Here is an article that I read recently in which a scientist claims to have "solved" the dilemma of the date of the Last Supper. I am not going to post the link since it contains a 2nd commandment violation so I will post it in it's entirety here.



> LONDON (AFP) – Christians have long celebrated Jesus Christ's Last Supper on Maundy Thursday but new research released Monday claims to show it took place on the Wednesday before the crucifixion.
> Professor Colin Humphreys, a scientist at the University of Cambridge, believes it is all due to a calendar mix-up -- and asserts his findings strengthen the case for finally introducing a fixed date for Easter.
> Humphreys uses a combination of biblical, historical and astronomical research to try to pinpoint the precise nature and timing of Jesus' final meal with his disciples before his death.
> Researchers have long been puzzled by an apparent inconsistency in the Bible.
> While Matthew, Mark and Luke all say the Last Supper coincided with the start of the Jewish festival of Passover, John claims it took place before Passover.
> Humphreys has concluded in a new book, "The Mystery Of The Last Supper", that Jesus -- along with Matthew, Mark and Luke -- may have been using a different calendar to John.
> "Whatever you think about the Bible, the fact is that Jewish people would never mistake the Passover meal for another meal, so for the Gospels to contradict themselves in this regard is really hard to understand," Humphreys said.
> "Many biblical scholars say that, for this reason, you can't trust the Gospels at all.
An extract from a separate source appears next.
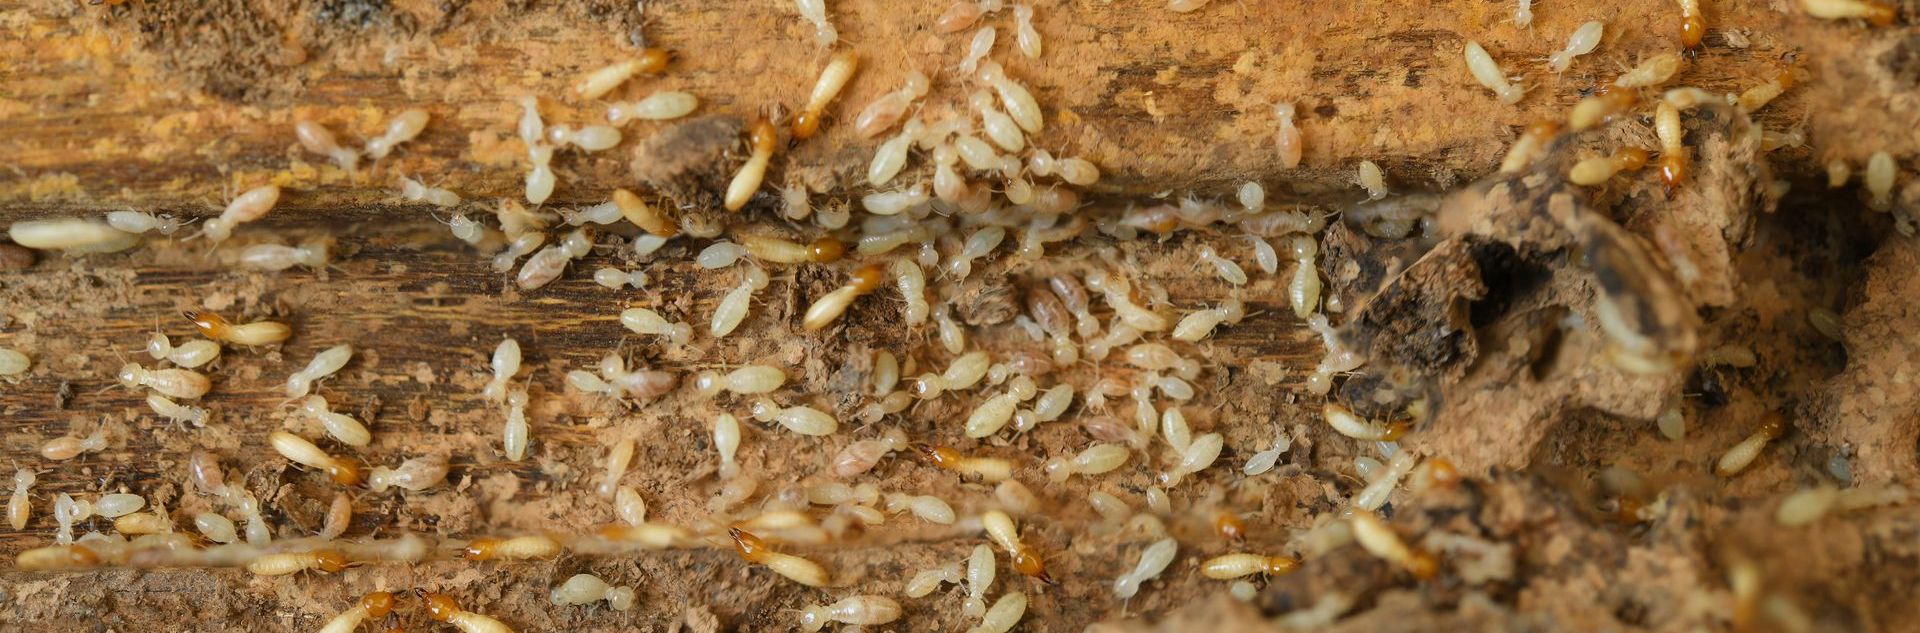 Termite Swarms | What to Do When You Spot Them
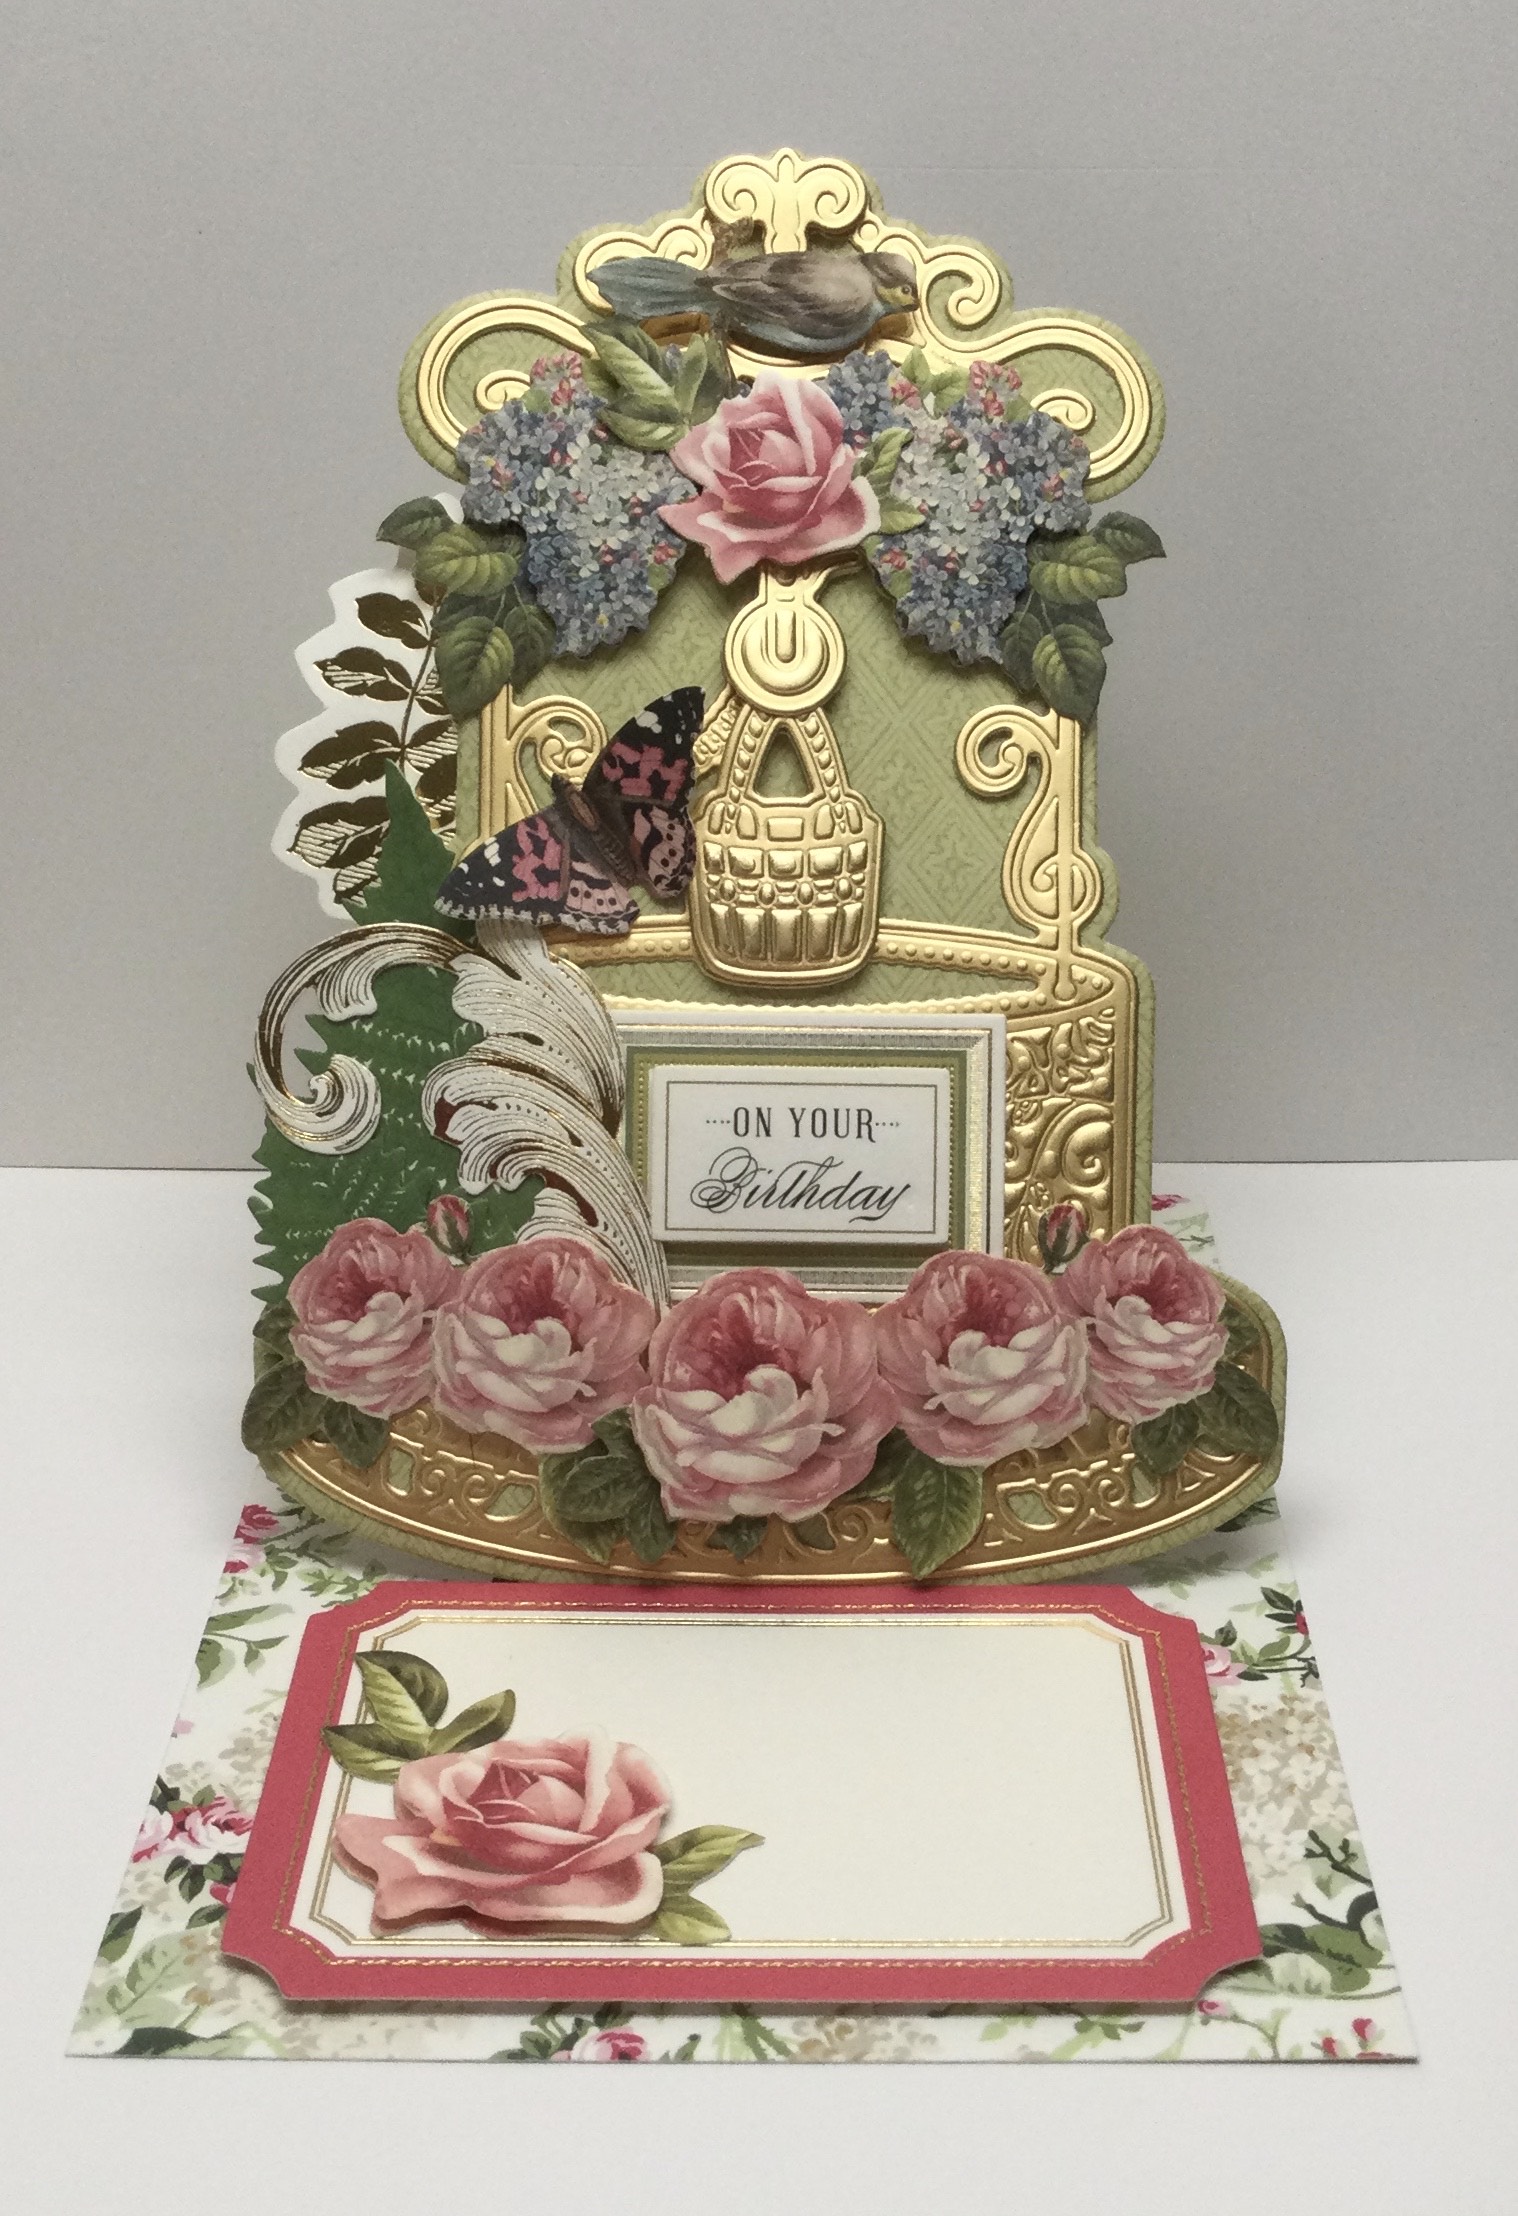 A pop up card with flowers and a clock.

But if we use science and the Gospels hand in hand, we can actually prove that there was no contradiction."
> In Humphreys' theory, Jesus went by an old-fashioned Jewish calendar rather than the official lunar calendar which was in widespread use at the time of his death and is still in use today.
> This would put the Passover meal -- and the Last Supper -- on the Wednesday, explaining how such a large number of events took place between the meal and the crucifixion.
> It would follow that Jesus' arrest, interrogation and separate trials did not all take place in the space of one night but in fact occurred over a longer period.
> Humphreys believes a date could therefore be ascribed to Easter in our modern solar calendar, and working on the basis that the crucifixion took place on April 3, Easter Day would be on April 5.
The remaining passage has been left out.